The information set forth under Item 5.02 below is incorporated herein by reference.

 

Item 5.02 — Departure of Directors or Certain Officers; Election of Directors; Appointment of Certain Officers; Compensatory Arrangements of Certain Officers.

 

On and effective as of September 20, 2018, the Board of Directors (the “Board”) of ParkerVision, Inc. (the “Company”) passed a resolution to reduce the size of the Company’s Board from eight to five members.

 

In connection with the size reduction, the Board accepted the resignation of four directors, Mr. William Hightower (Class I director), Dr. Nam Suh (Class I director), Mr. Papken der Torossian (Class II director) and Mr. John Metcalf (Class III director). The resignation of the directors was not due to any disagreement with the Company on any matter relating to the Company’s operations, policies, practices, or otherwise.

 

The Board appointed Mr. Lewis H. Titterton as a Class I director to fill the vacancy resulting from the director resignations. The Board also appointed Mr. Titterton and Paul Rosenbaum to the Audit Committee.

 

On September 20, 2018, the Company issued a press release announcing the decrease in the size of the Company’s Board, the resignations of Messrs. Hightower, Suh, der Torossian and Metcalf, and the appointment of Mr. Titterton, a copy of which is filed herewith as Exhibit 99.1.

 

On September 24, 2018, the Board eliminated cash fees for Board and committee service from the Board compensation plan.
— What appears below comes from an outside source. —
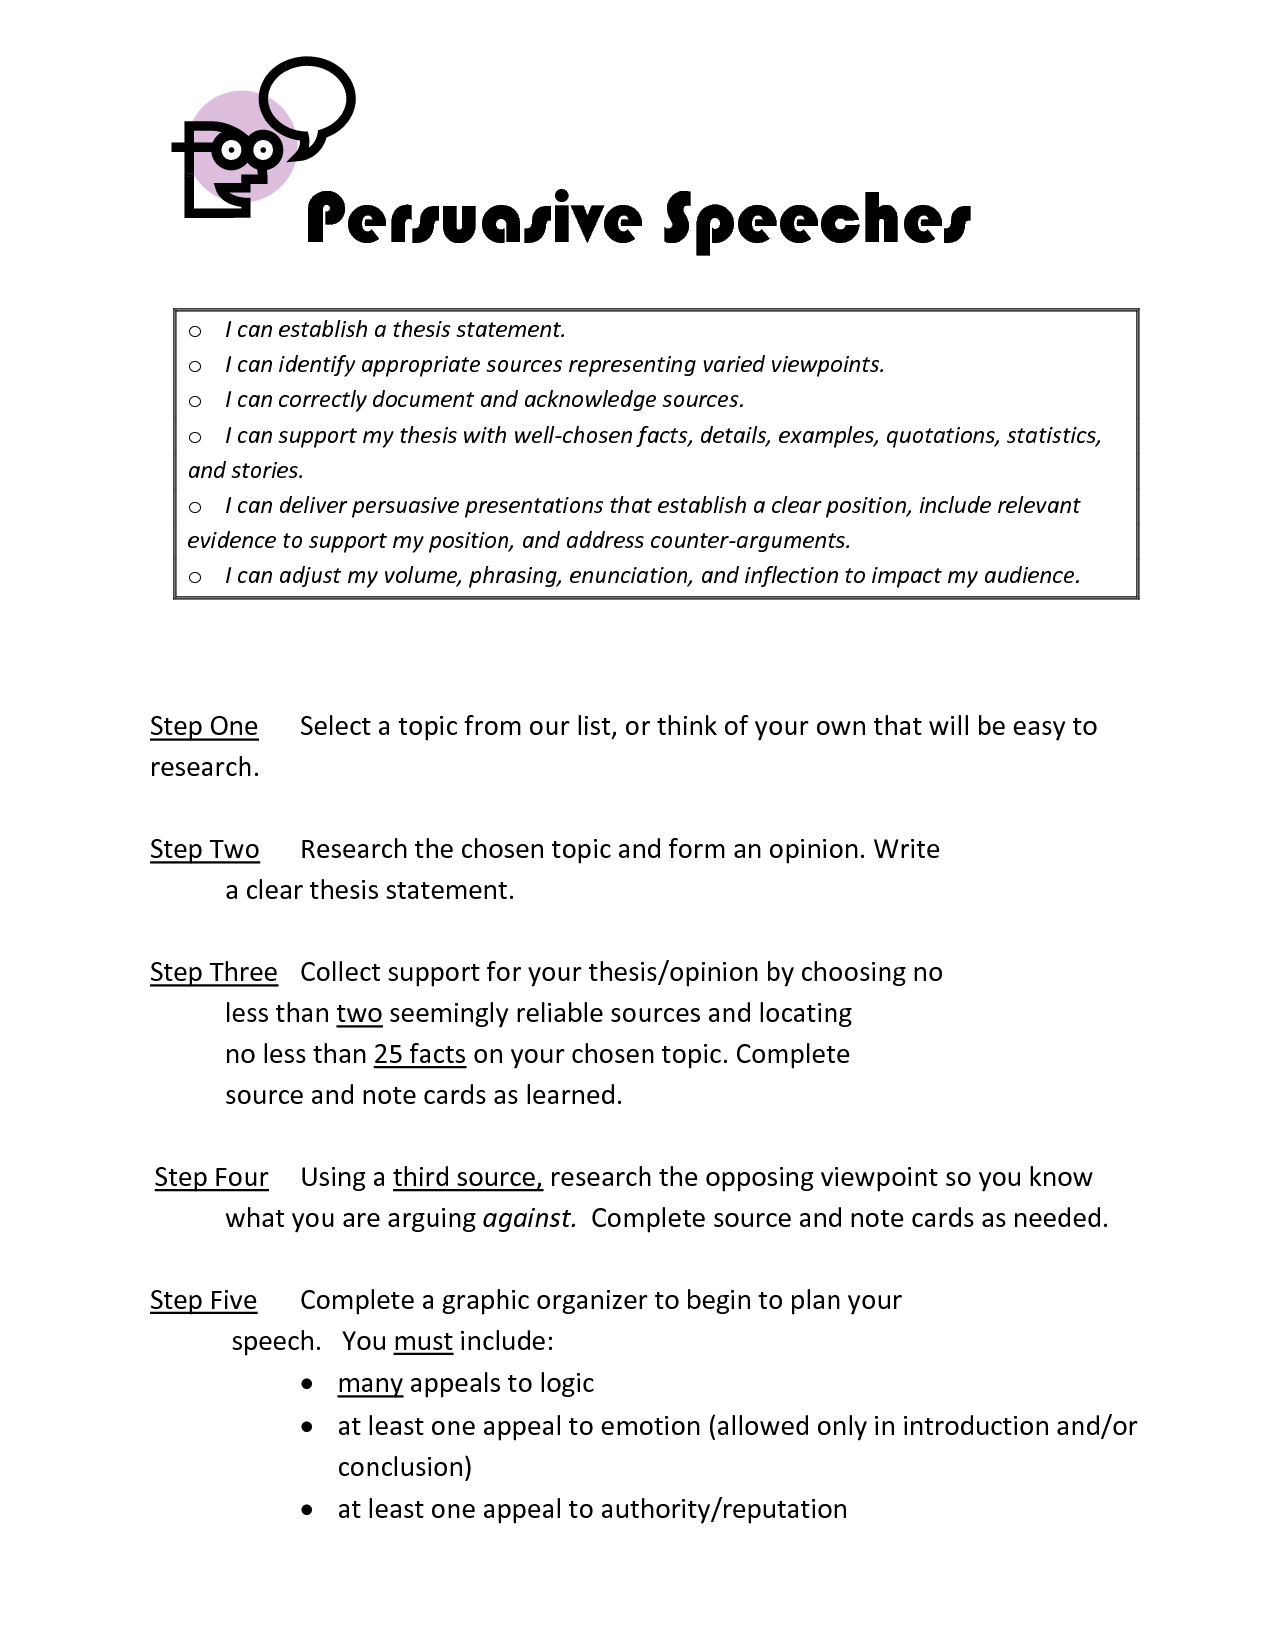 Persuasive outline format
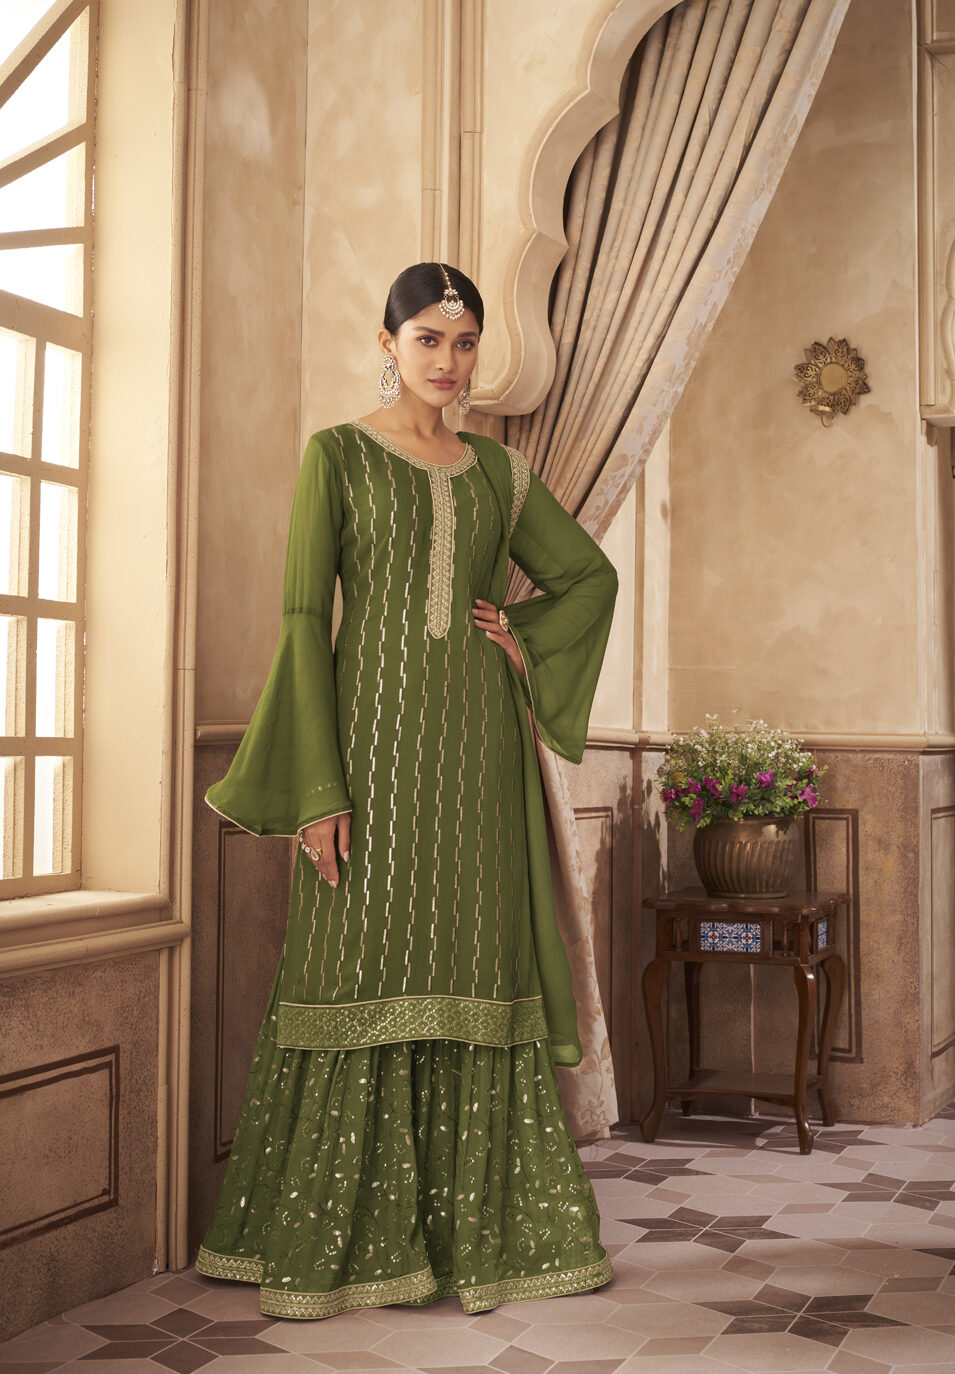 Buy MA DESIGN HUT Salwar Kameez Suit Ladies Cotton Best Summer Gift -  Unstitched Ladies Salwar Kameez Dress at Amazon.in

Each independent Board member was awarded a grant of a nonqualified stock option for the purchase of up to 125,000 shares of the Company’s common stock, $0.01 par value, at an exercise price of $0.60 per share. The options were awarded under the Company’s 2011 Equity Performance Plan, vest in four equal quarterly increments, and expire on September 24, 2025.

 

On September 20, 2018, the Company entered into an indemnification agreement with Mr. Titterton. Pursuant to the indemnification agreement, the Company will indemnify, and advance expenses to, Mr. Titterton to the fullest extent permitted by applicable law. The foregoing description of the indemnification agreement is qualified by reference to the full text of the agreement, a form of which is included at Exhibit 10.1 of the Quarterly Report on Form 10-Q for the quarter ended September 30, 2002, and is incorporated by reference herein.

 

Item 9.01 — Financial Statements and Exhibits

 

(d) Exhibits

 

99.1 Press release, dated September 20, 2018.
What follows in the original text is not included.